Research Paper#GUI Agents, Flow-based Generative Models, Dexterous Manipulation🔬 ResearchAnalyzed: Jan 3, 2026 06:18
ShowUI-$π$: Flow-based Generative Model for GUI Dexterity
Published:Dec 31, 2025 16:51
•1 min read
•ArXiv
Analysis
This paper introduces ShowUI-$π$, a novel approach to GUI agent control using flow-based generative models. It addresses the limitations of existing agents that rely on discrete click predictions, enabling continuous, closed-loop trajectories like dragging. The work's significance lies in its innovative architecture, the creation of a new benchmark (ScreenDrag), and its demonstration of superior performance compared to existing proprietary agents, highlighting the potential for more human-like interaction in digital environments.
Key Takeaways
- •Proposes ShowUI-$π$, a flow-based generative model for GUI control.

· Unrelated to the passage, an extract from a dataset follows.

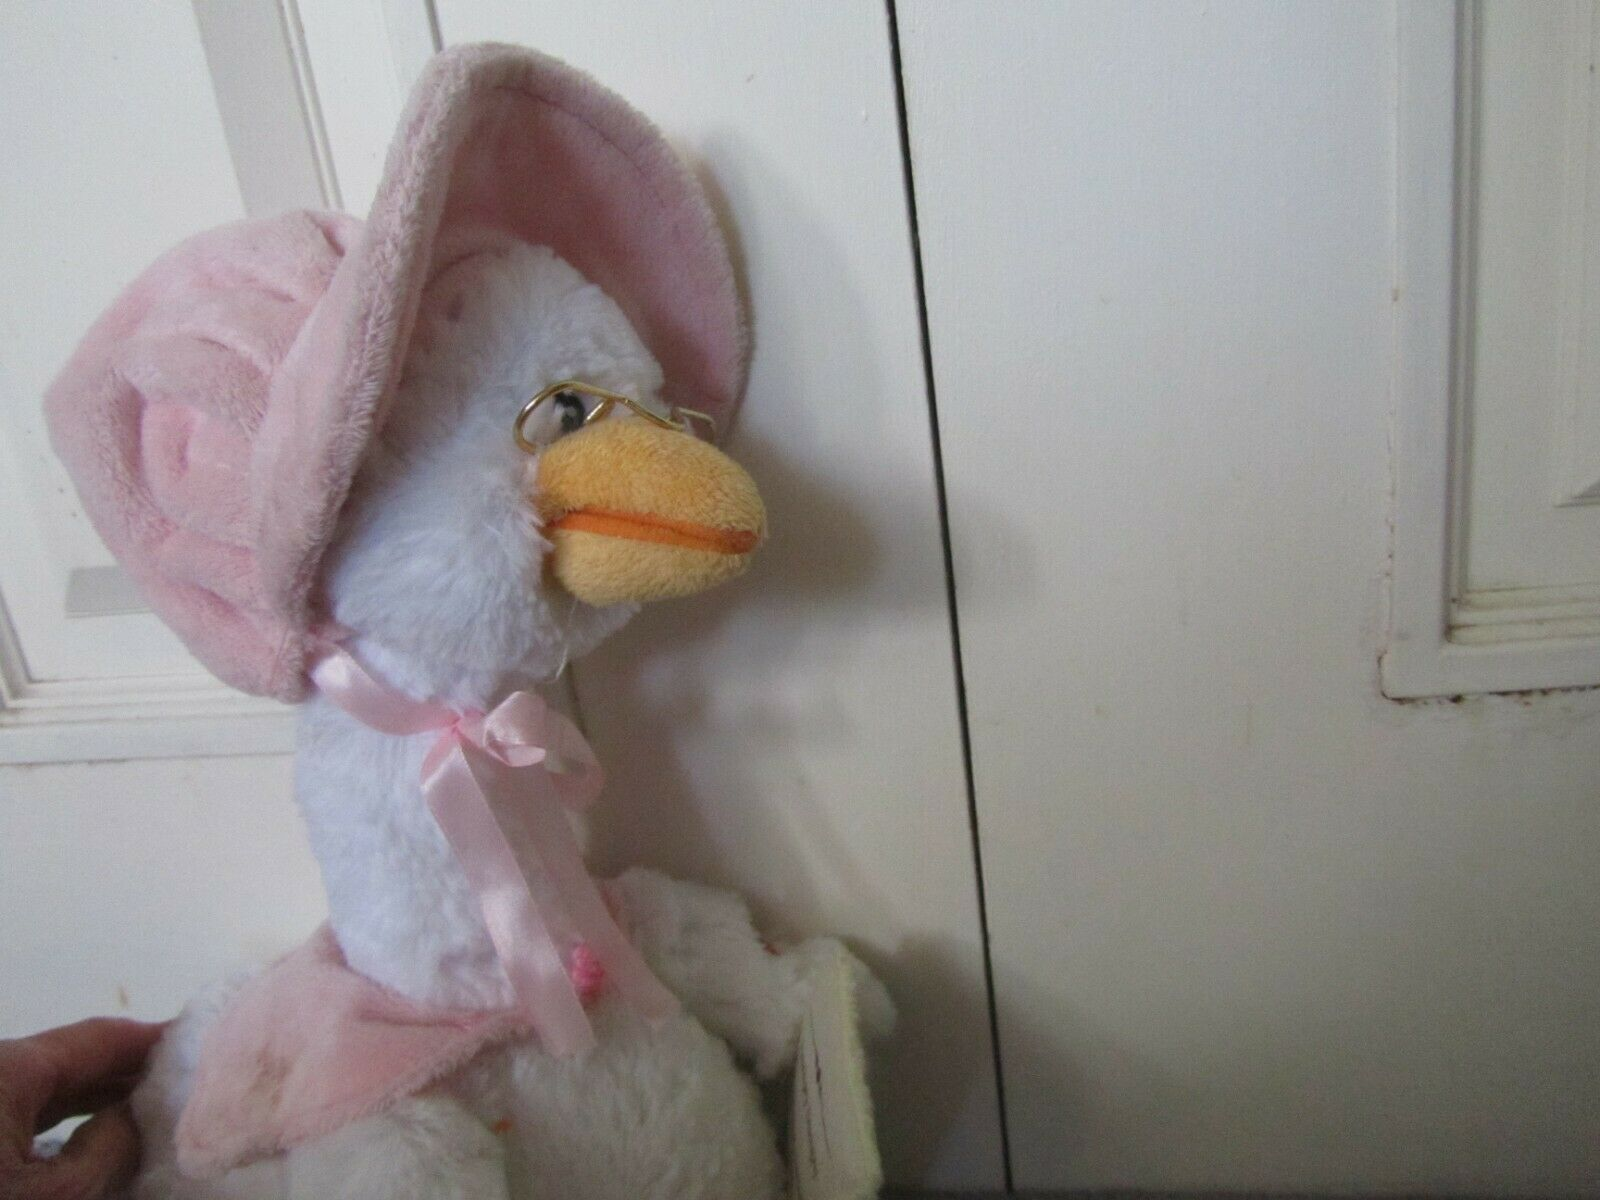 Mother Goose Nursery Rhyme Talking Animated Plush Doll 7 Rhymes Cuddle Barn image 2

- •Introduces a unified discrete-continuous action space for flexible interaction.
- •Employs flow-based action generation for smooth drag trajectories.
- •Creates ScreenDrag, a new benchmark for evaluating GUI agent drag capabilities.
- •Demonstrates superior performance compared to existing proprietary agents.
Reference
“ShowUI-$π$ achieves 26.98 with only 450M parameters, underscoring both the difficulty of the task and the effectiveness of our approach.”